Operational risks and losses can result from, among other things, fraud, errors, failure to document transactions properly or to obtain proper internal authorization, failure to comply with regulatory requirements, information technology failures or external events. We believe that our modeling, underwriting and information technology and application systems are critical to our business and our growth prospects. Moreover, we rely on our information technology and application systems to further our underwriting process and to enhance our ability to compete successfully. A major defect or failure in our internal controls or information technology and application systems could result in management distraction, harm to our reputation or increased expenses.
Employment / Personnel2 | 4.5%
Employment / Personnel - Risk 1
If we lose or are unable to retain our senior management and other key personnel and are unable to attract qualified personnel, our ability to implement our business strategy could be delayed or hindered, which, in turn, could significantly and negatively affect our business.
Although we only employ four individuals, two of whom are members of senior management, our future success may depend to a significant extent on the efforts of our senior management and other key personnel (who have not yet been hired) to implement our business strategy. We believe there are only a limited number of available, qualified executives with substantial experience in our industry. In addition, we will need to add personnel, including underwriters, to implement our business strategy. We could face challenges attracting personnel to the Cayman Islands. Accordingly, the loss of the services of one or more of the members of our senior management or other key personnel (when hired), or our inability to hire and retain other key personnel, could delay or prevent us from fully implementing our business strategy and, consequently, significantly and negatively affect our business. We do not currently maintain key man life insurance with respect to any of our senior management. If any member of senior management dies or becomes incapacitated, or leaves the Company to pursue employment opportunities elsewhere, we would be solely responsible for locating an adequate replacement for such senior management and for bearing any related cost. To the extent that we are unable to locate an adequate replacement or are unable to do so within a reasonable period of time, our business may be significantly and negatively affected.

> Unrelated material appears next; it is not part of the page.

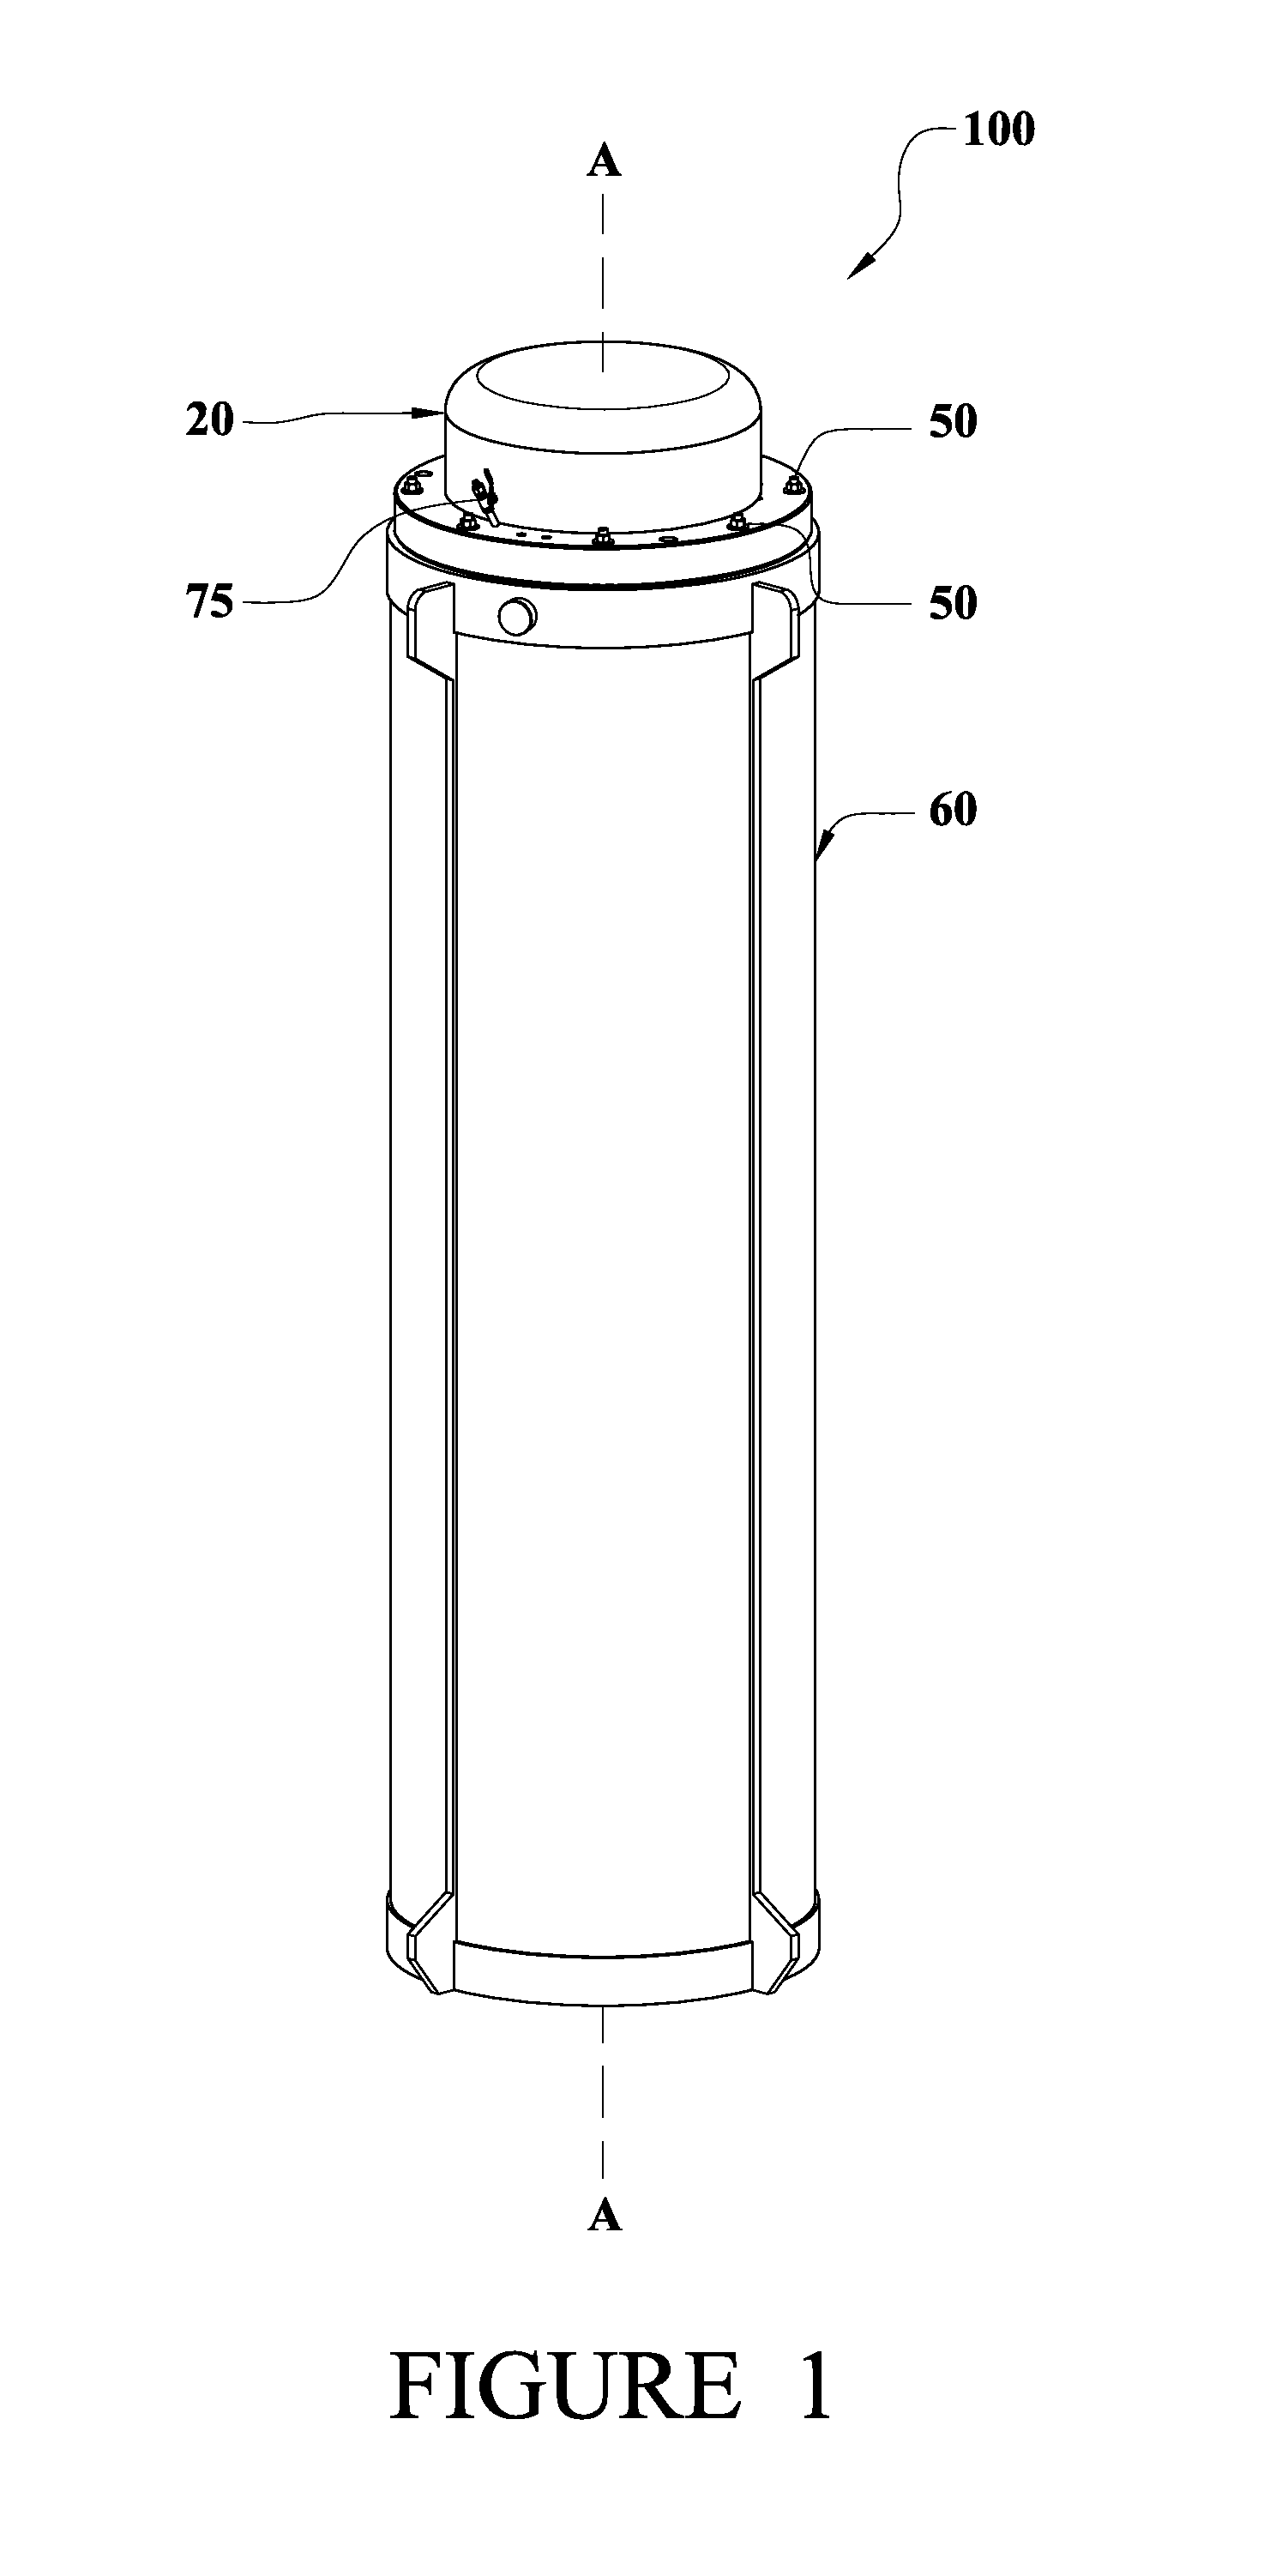 Method of transferring high level radionactive materials, and system for the same

Employment / Personnel - Risk 2
Our ability to implement our business strategy could be delayed or adversely affected by Cayman Islands employment restrictions.

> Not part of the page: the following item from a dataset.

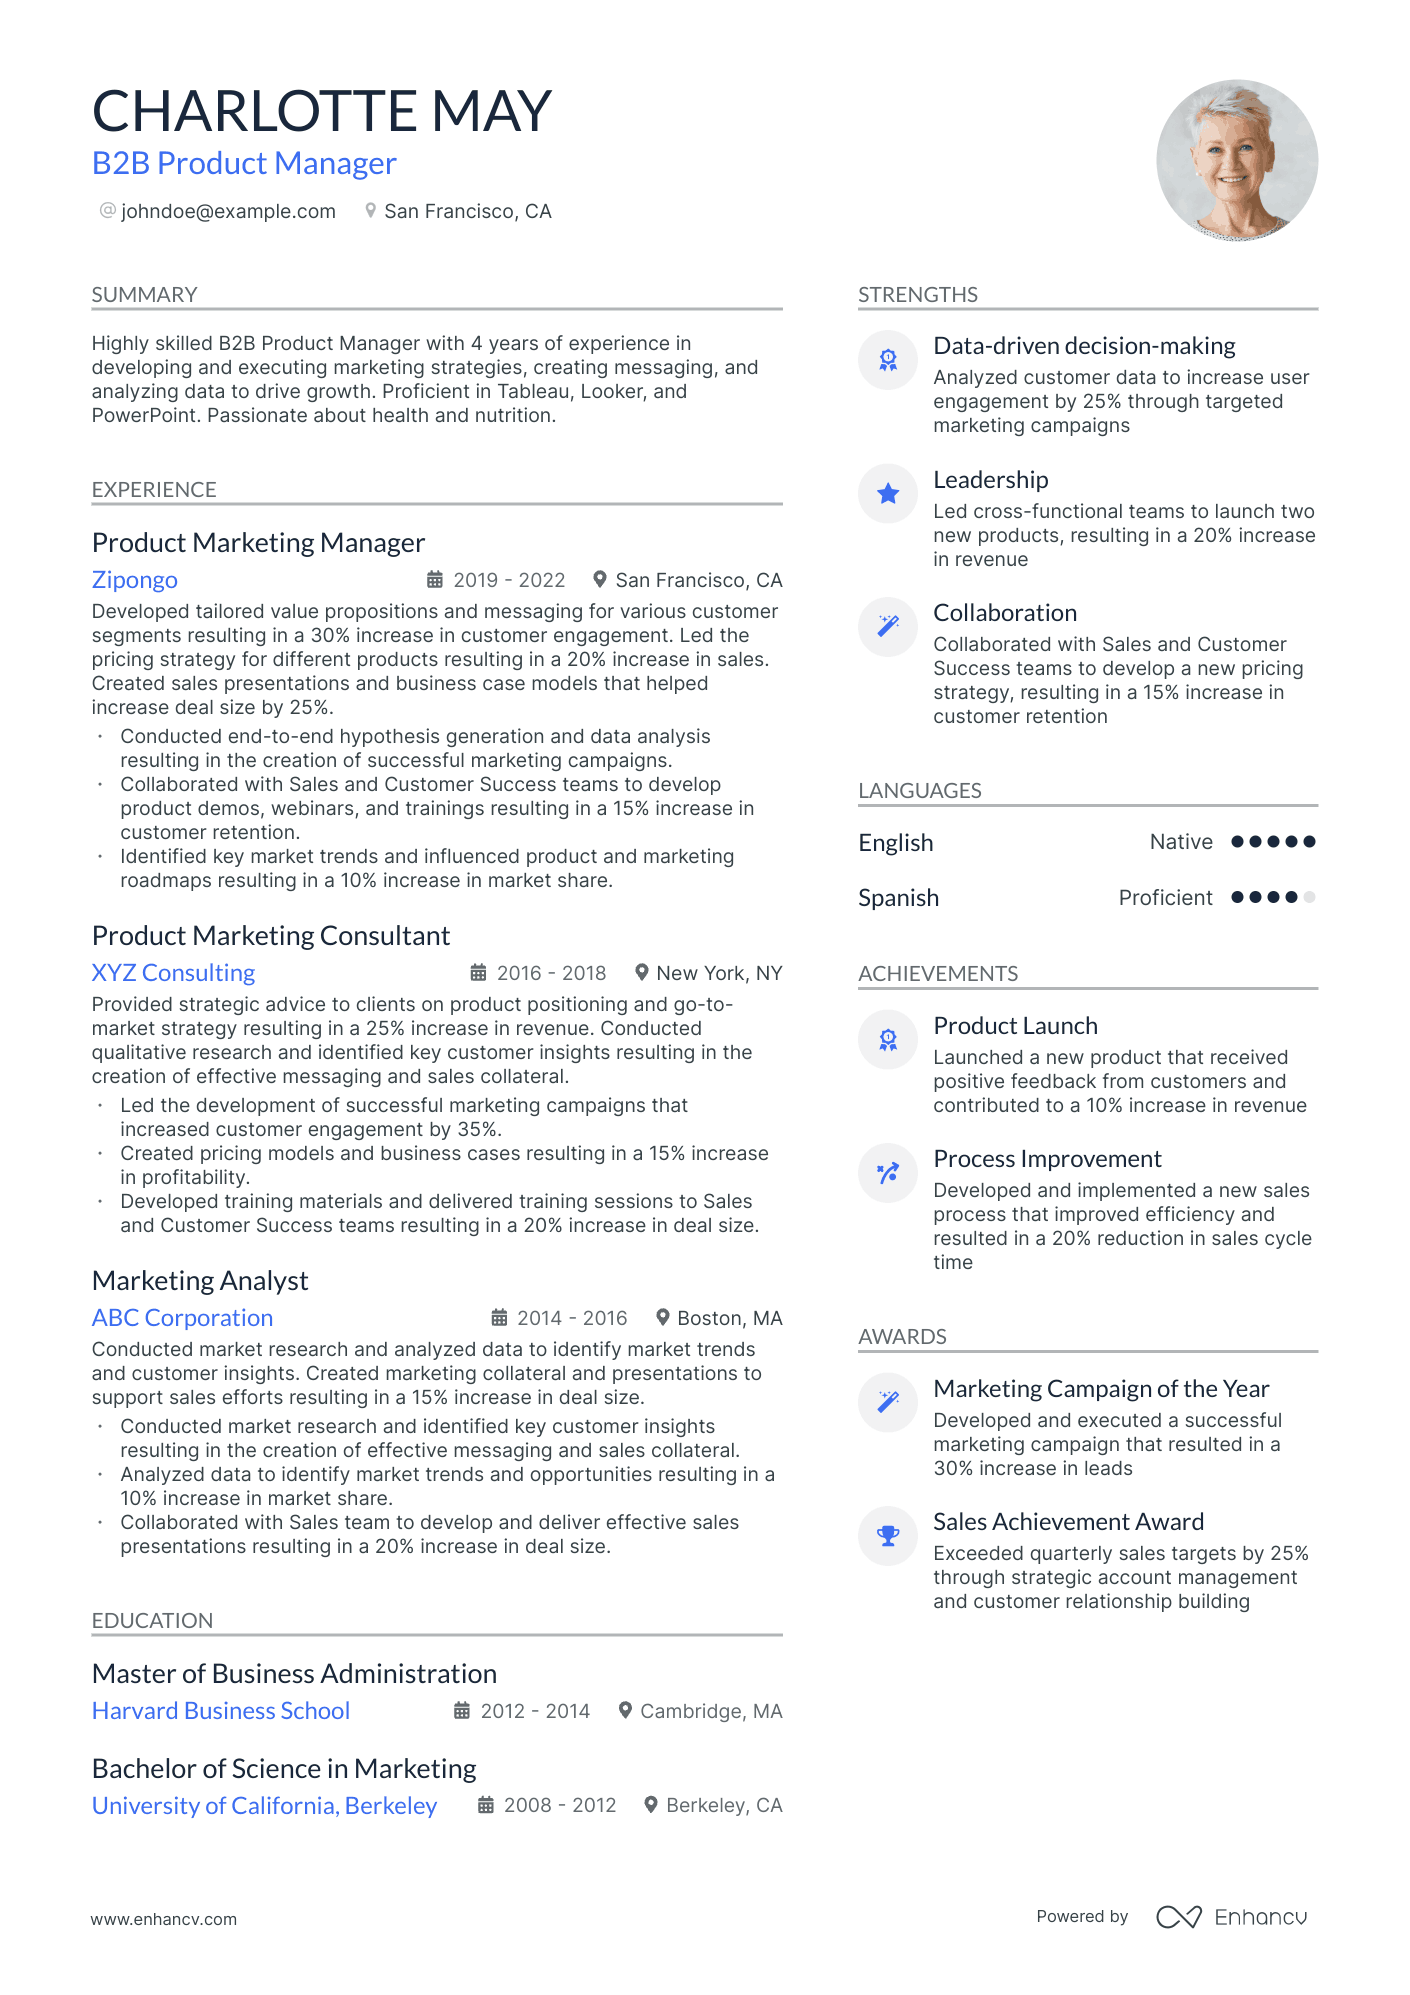 B2B Product Manager resume example

Under Cayman Islands law, persons who are not Caymanian, do not possess Caymanian status, or are not otherwise entitled to reside and work in the Cayman Islands pursuant to provisions of the Immigration Law (2015 Revision) of the Cayman Islands, which we refer to as the Immigration Law, may not engage in any gainful occupation in the Cayman Islands without an appropriate governmental work permit. Although Jay Madhu and Wrendon Timothy have obtained Permanent Residency in the Cayman Islands, the failure to obtain work permits, or extensions thereof, for other employee(s) could prevent us from continuing to implement our business strategy seamlessly.
Supply Chain1 | 2.3%
Supply Chain - Risk 1
The inability to obtain business provided from brokers could adversely affect our business strategy and results of operations.

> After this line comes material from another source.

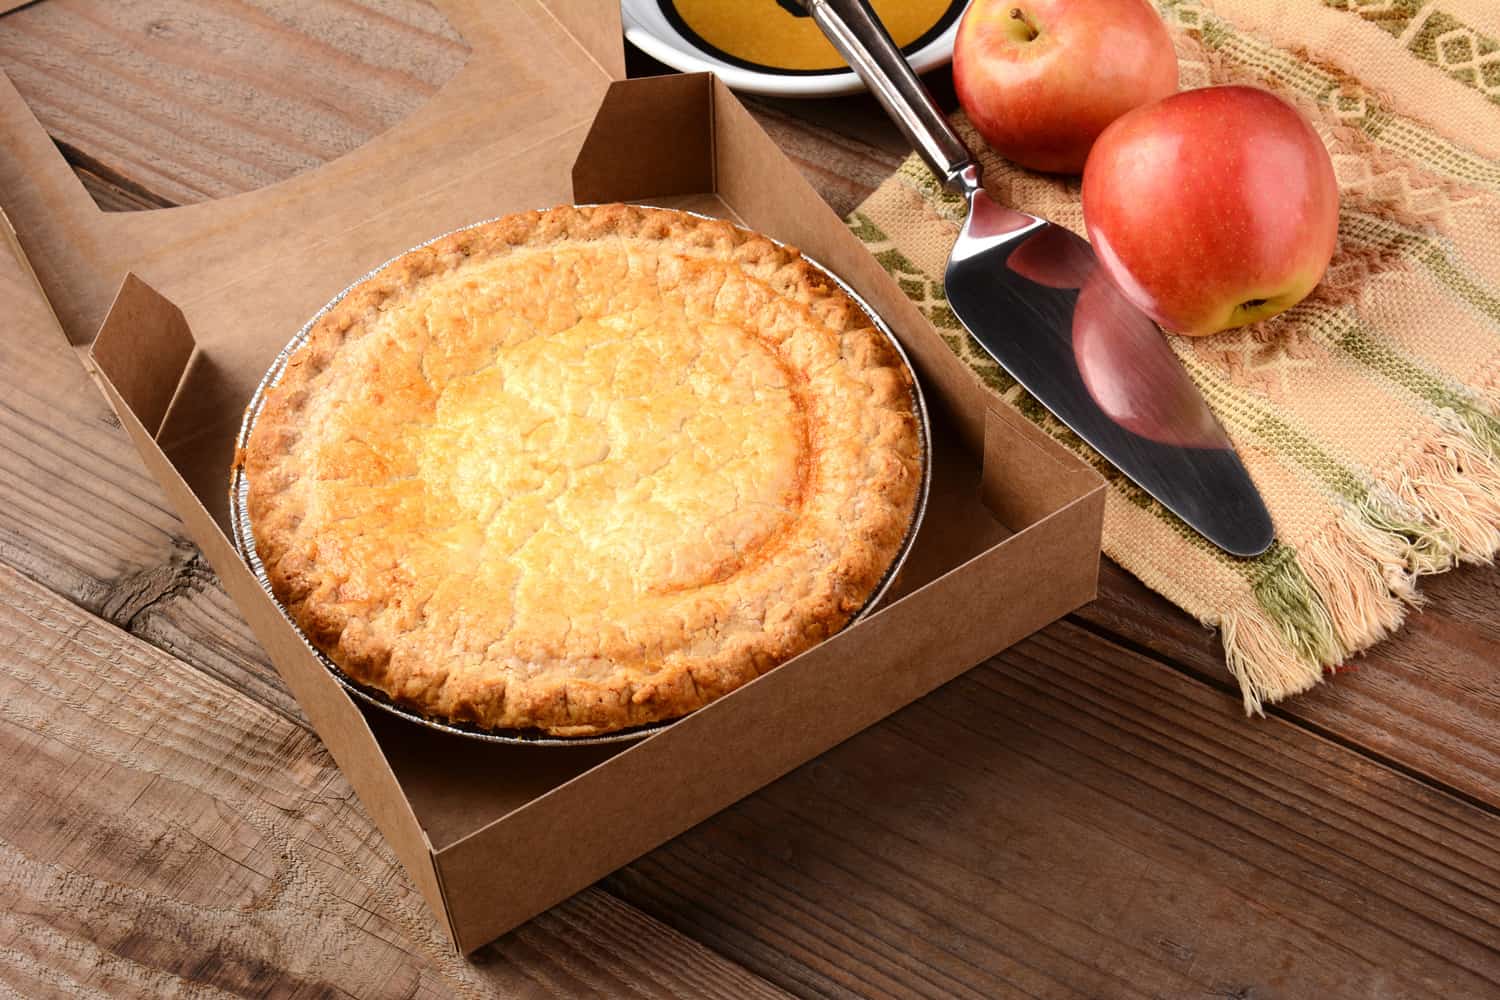 Closeup of a fresh apple pie in a bakery box on a rustic wood table. A plate, serving utensil and fresh Fuji apples are in the background. Horizontal format.

We anticipate that a substantial portion of our business will be placed primarily through brokered transactions, which involve a limited number of reinsurance brokers. If we are unable to identify and grow the brokered business provided through one or more of these reinsurance brokers, many of whom may not be familiar with our Cayman Islands jurisdiction, this failure could significantly and negatively affect our business and results of operations.
Costs3 | 6.8%
Costs - Risk 1
The effect of emerging claim and coverage issues on our business is uncertain.
As industry practices and legal, judicial and regulatory conditions change, unexpected issues related to claims and coverage may emerge. It is possible that certain provisions of our future reinsurance contracts, such as limitations or exclusions from coverage or choice of forum, may be difficult to enforce in the manner we intend, due to, among other things, disputes relating to coverage and choice of legal forum. These issues may adversely affect our business by either extending coverage beyond the period that we intended or by increasing the number or size of claims. In some instances, these changes may not manifest themselves until many years after we have issued insurance or reinsurance contracts that are affected by these changes. As a result, we may not be able to ascertain the full extent of our liabilities under our insurance or reinsurance contracts for many years following the issuance of our contracts. The effects of unforeseen development or substantial government intervention could adversely impact our ability to adhere to our goals.
Costs - Risk 2
We depend on our clients' evaluations of the risks associated with their insurance underwriting, which may subject us to reinsurance losses.
In the proportional reinsurance business, in which we assume an agreed percentage of each underlying insurance contract being reinsured, or quota share contracts, we do not separately evaluate each of the original individual risks assumed under these reinsurance contracts. Therefore, we are largely dependent on the original underwriting decisions made by ceding companies. We are subject to the risk that the clients may not have adequately evaluated the insured risks and that the premiums ceded may not adequately compensate us for the risks we assume. We also do not separately evaluate each of the individual claims made on the underlying insurance contracts under quota share arrangements. Therefore, we are dependent on the original claims decisions made by our clients.
Costs - Risk 3
If actual renewals of our existing contracts do not meet expectations, our premiums assumed in future years and our future results of operations could be materially adversely affected.
Many of our contracts are generally written for a one-year term. In our financial forecasting process, we make assumptions about the renewal of our prior year's contracts. The insurance and reinsurance industries have historically been cyclical businesses with periods of intense competition, often based on price. If actual renewals do not meet expectations or if we choose not to write on a renewal basis because of pricing conditions, our premiums assumed in future years and our future operations would be materially adversely affected.
Macro & Political
Total Risks: 3/44 (7%)Below Sector Average
Economy & Political Environment1 | 2.3%
Economy & Political Environment - Risk 1
U.S. and global economic downturns could harm our business, our liquidity and financial condition and the price of our securities.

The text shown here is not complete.